--- REQUIRED WORK ---
Taking the line with "Jose Cuervo Golden" as the first and the line with "Beverages and alcohol" as the last, set down the lines below exactly, pictures excluded.

--- GIVEN INFORMATION ---
+===+

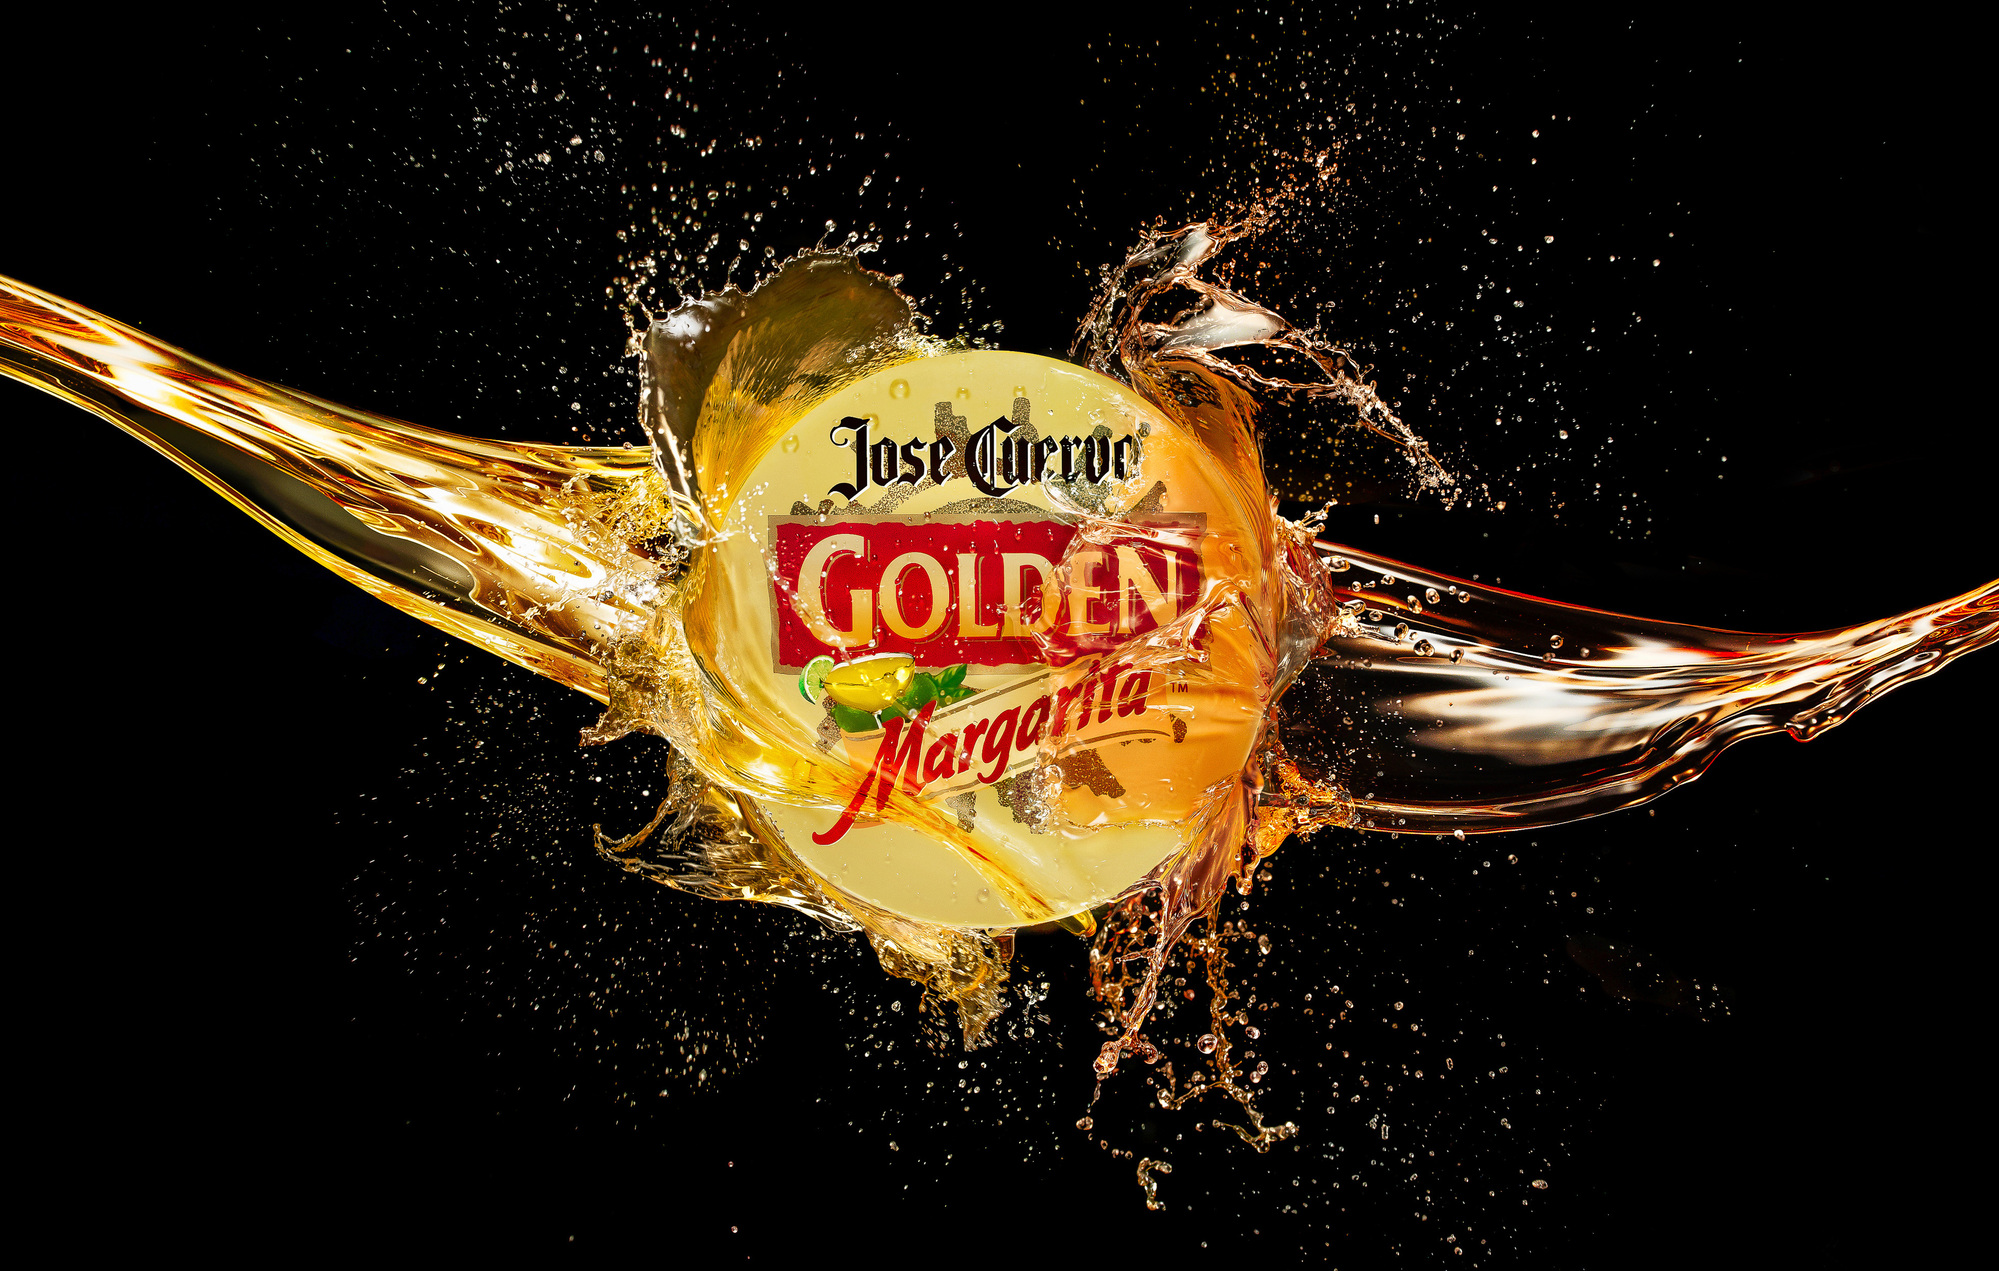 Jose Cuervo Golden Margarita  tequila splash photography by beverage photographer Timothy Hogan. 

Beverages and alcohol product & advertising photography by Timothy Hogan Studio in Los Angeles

+===+

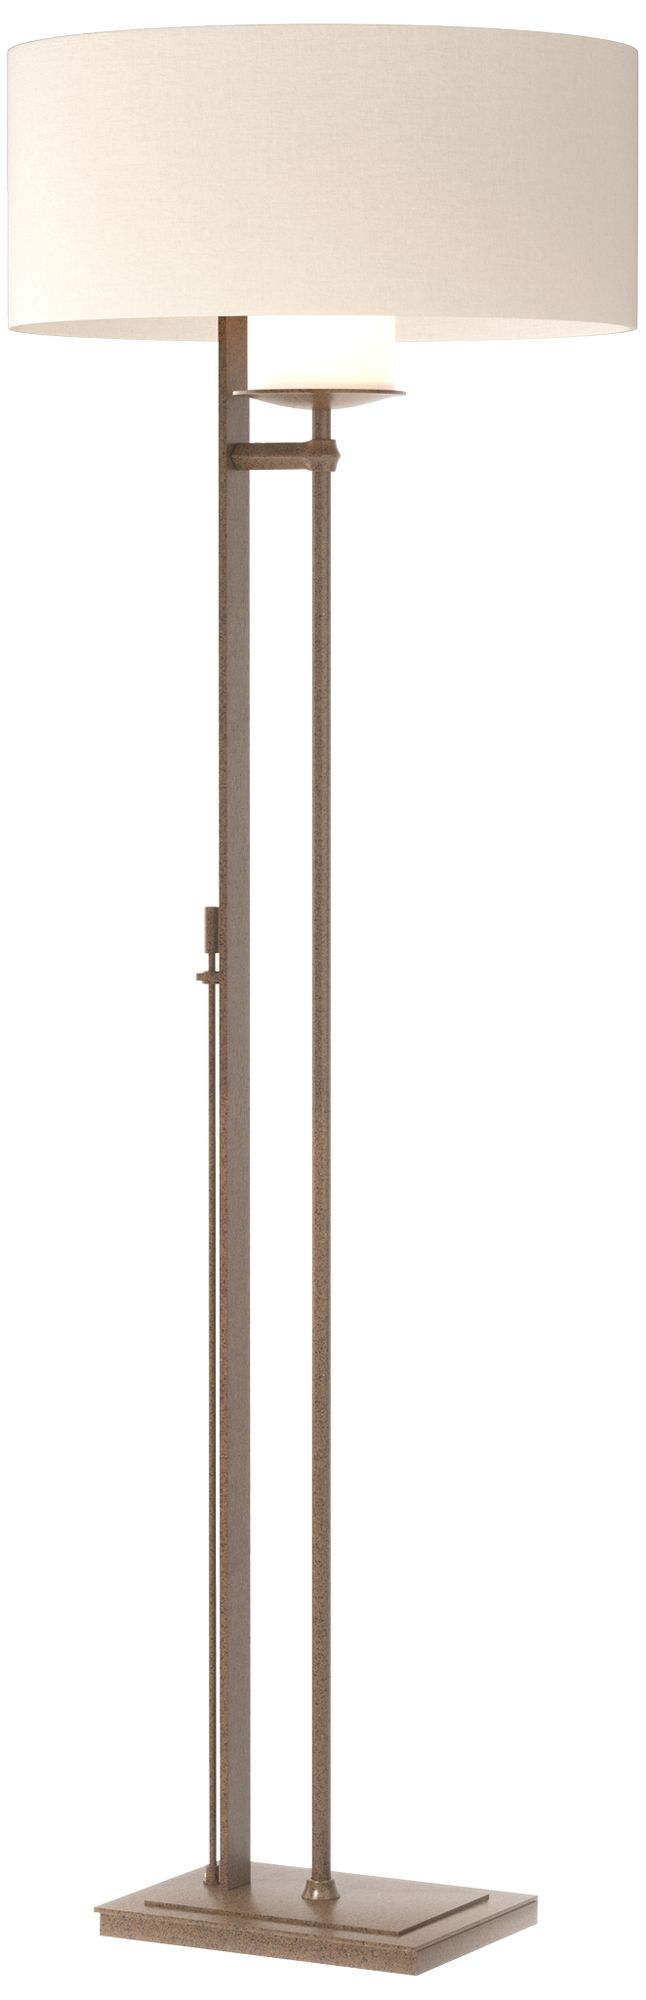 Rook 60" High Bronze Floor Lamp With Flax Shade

+===+

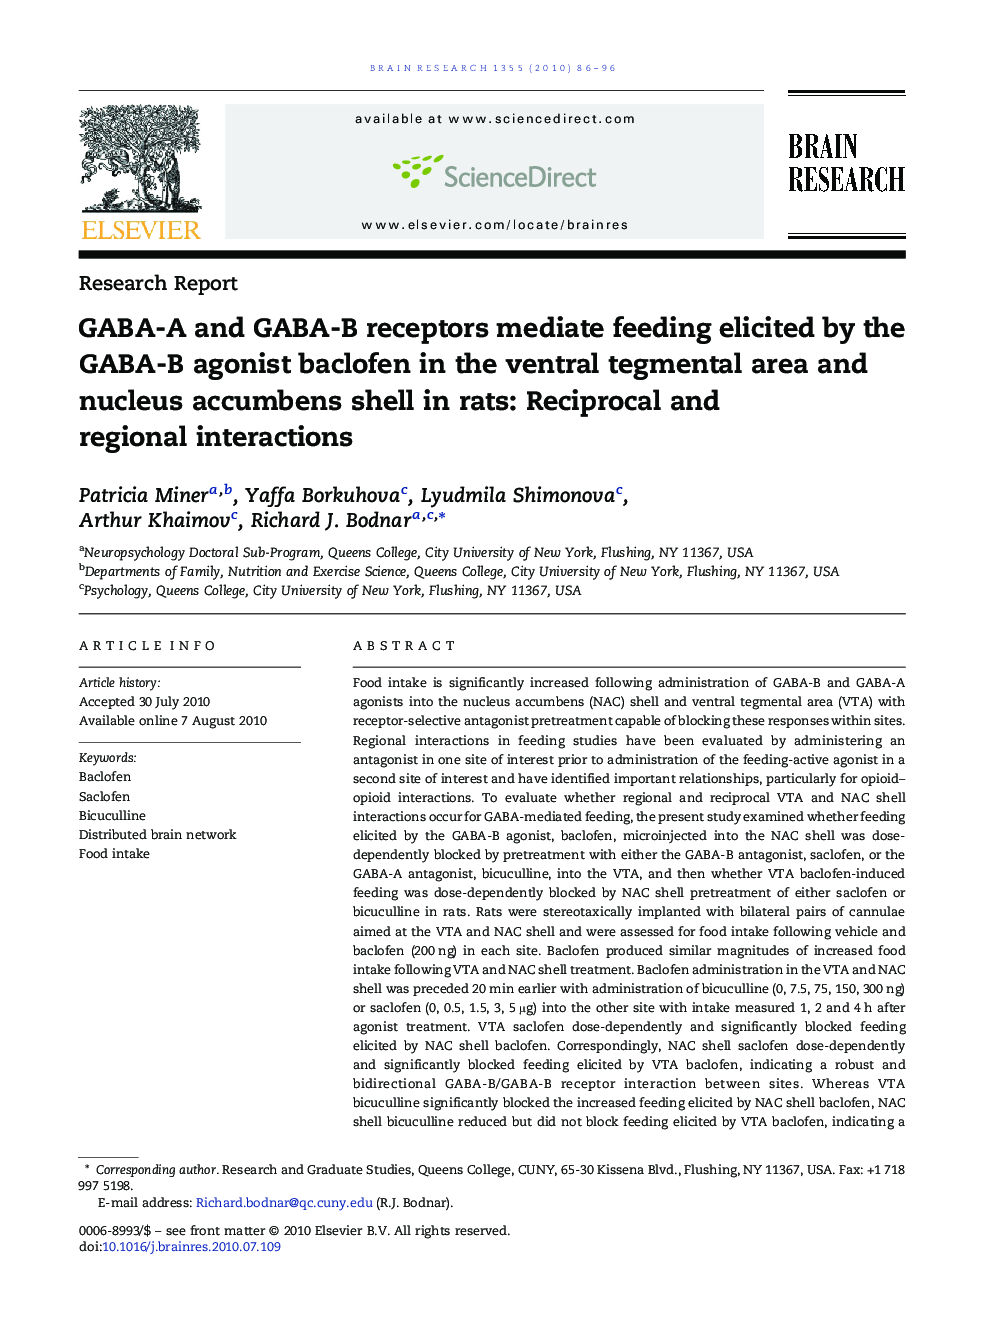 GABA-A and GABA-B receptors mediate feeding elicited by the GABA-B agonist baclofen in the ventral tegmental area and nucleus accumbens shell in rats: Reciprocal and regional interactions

+===+

--- EXERCISE OUTPUT ---
 Jose Cuervo Golden Margarita  tequila splash photography by beverage photographer Timothy Hogan. 

Beverages and alcohol product & advertising photography by Timothy Hogan Studio in Los Angeles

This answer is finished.